With respect to the first problem, the Administrative Court mainly relied on the TCA's Remedies Guidelines while assessing whether the behavioural remedies may be deemed sufficient in the case at hand. The Administrative Court reminded that the Guidelines expressly set forth that behavioural remedies should only be approved in cases where an equally effective structural remedy is not possible and, on the condition that the behavioural remedies are capable of attaining a level of efficiency similar to structural remedies in eliminating competitive concerns.

As to the second problem, the Court emphasized that it is under the responsibility of the parties to provide all information to demonstrate the sufficiency of the commitment in eliminating competitive concerns. In the said case, however, although the TCA was of opinion that possible competition concerns could be eliminated through the behavioural remedies, the Administrative Court was not satisfied with the explanations.

Finally, in relation to the third problem, the Administrative Court stipulated that the commitment package lacked an effective monitoring mechanism, especially considering that a monitoring expert was not clearly appointed within the scope of the commitment package. The Court expressed that the effective implementation of behavioural remedies depends on the presence of a well-established supervision mechanism. This is mainly due to the fact that behavioural remedies are more likely to a create continuing commercial relationship between the transaction parties and third parties, the efficient management of which is fundamental for the success of the behavioural remedies.

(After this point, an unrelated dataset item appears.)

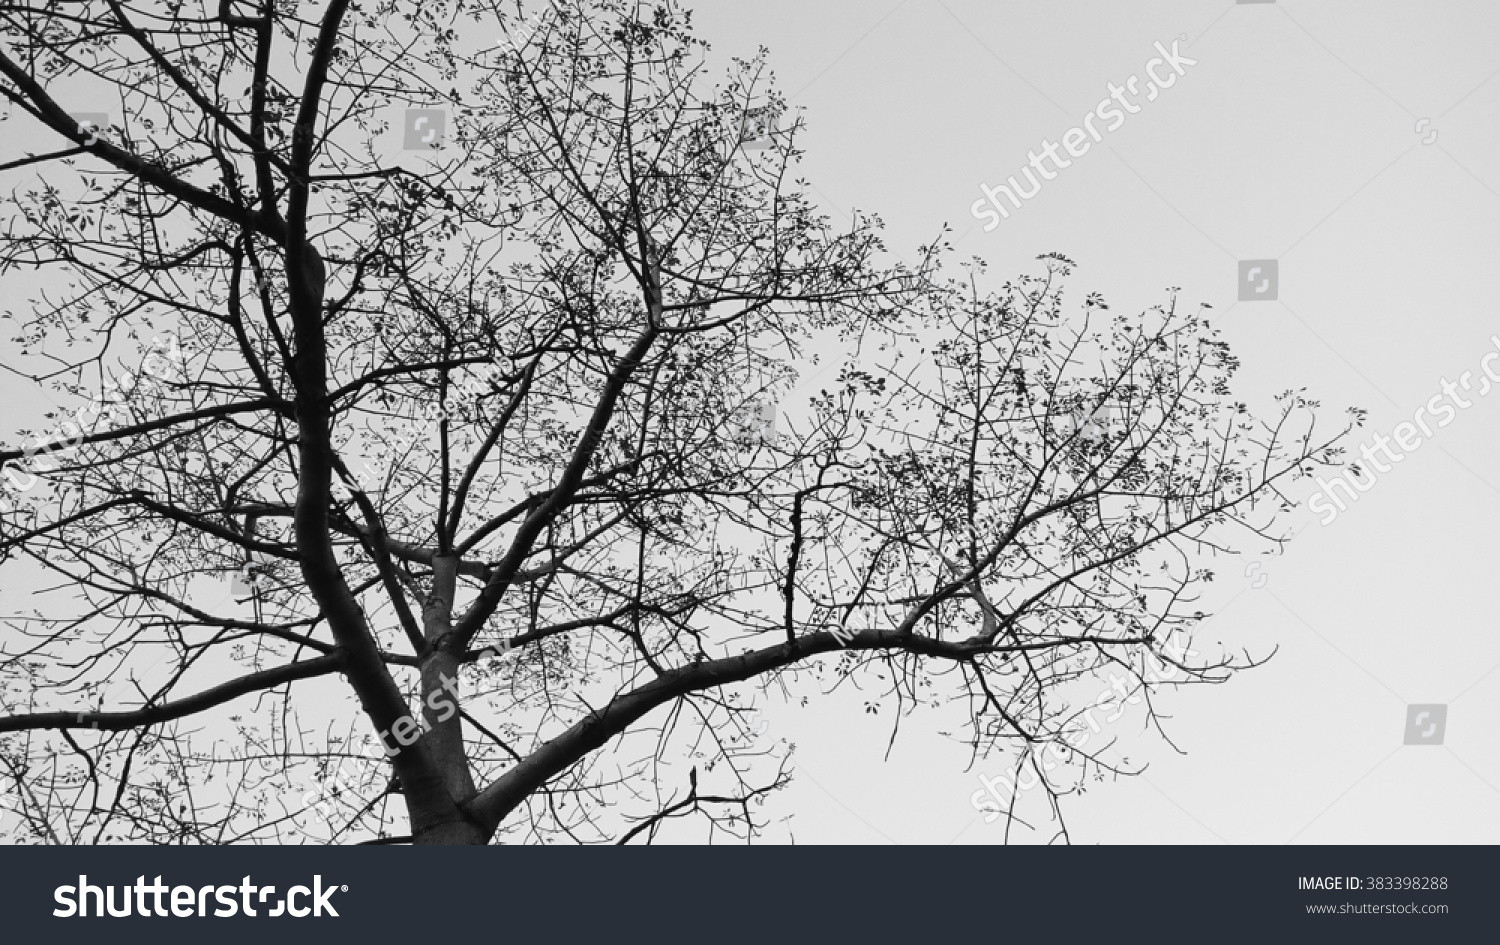 Tree Branches Stock Photo 383398288 - Shutterstock

It is critical to note here that it is not understood from the wording of the decision whether the Administrative Court is of the opinion that there actually was an alternative structural remedy which should have been proposed in the case at hand instead of the behavioural remedies. When the facts of the case are considered, it does not seem probable that the Administrative Court might have considered that MARPORT, which is the only other asset of Arkas Group in the relevant market, should have been divested. It would indeed be quite extraordinary to expect an undertaking to divest an asset that corresponds to over 50% market share to be able to acquire an asset that corresponds to less than 10% market share. Thus, we believe that the Administrative Court did not expect Arkas Group to provide such a structural remedy but only pointed out that it must have ensured that its behavioural remedies were as efficient as any structural remedy that could have been proposed. Although the Administrative Court's decision is ambiguous, it is highly probable that the Court would have accepted behavioural commitments if their sufficiency in eliminating all the competitive concerns were explained in detail, the way in which they would be applied was set forth under a transparent structure and they were accompanied by an efficient monitoring mechanism.

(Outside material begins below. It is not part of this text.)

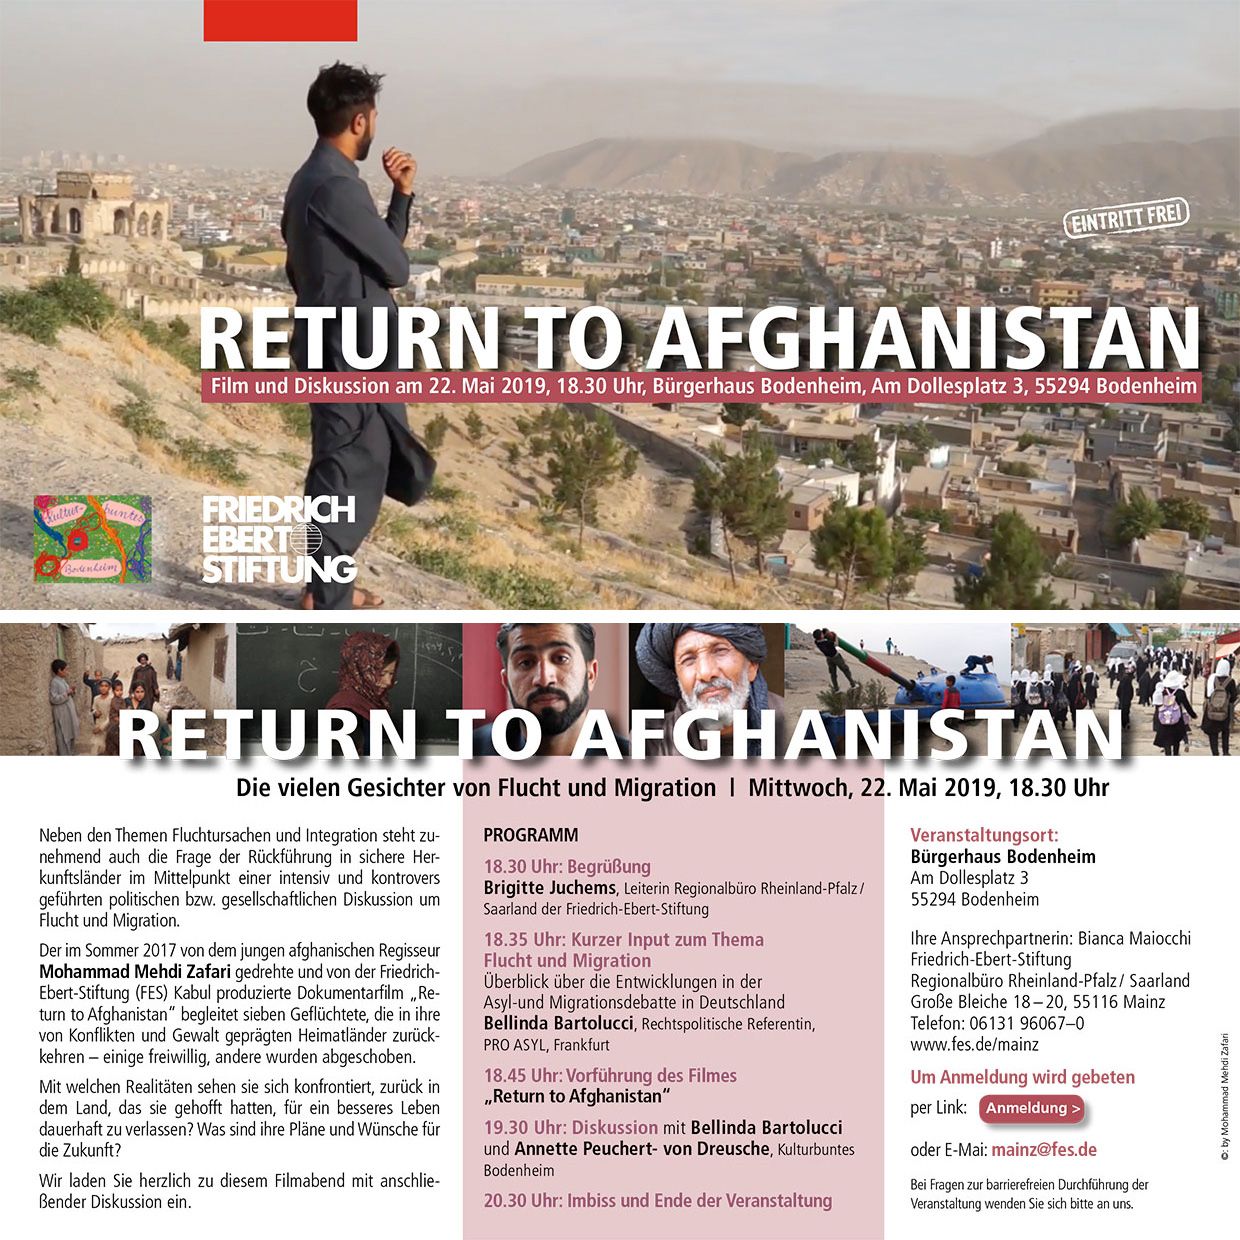 Return to Afghanistan: Filmabend mit Podiumsdiskussion

For example, the Chinese Wall remedy may have been rendered more effective by appointing an independent monitoring expert with a wide range of authorities who would have direct contact with the TCA and submit regular reports concerning the acquirer's compliance with the remedies. Moreover, the enforceability and the supervisability of the non-discriminatory access remedy could have been increased if a "reference access offer" that would automatically become binding when signed by access-seeking third-parties, which specifically set forth the conditions under which non-discriminatory access would be provided to third parties and comprised a clearly defined swift and objective dispute resolution mechanism, was submitted to the TCA.

As a result of the Administrative Court's decision, the TCA will have to re-initiate a final examination concerning the transaction and Arkas Group will be expected to provide new commitments that could satisfy the Court's expectations. We might have a more comprehensive understanding of the Administrative Court's standpoint if the sufficiency of the renewed remedies is also challenged before the Court after the finalization of the second examination.


1. TCA's decision dated 08.05.2018 and numbered 18-14/267-129.

2. Ankara 9th Administrative Court's decision dated 18.01.2019 and numbered 2018/2277 E.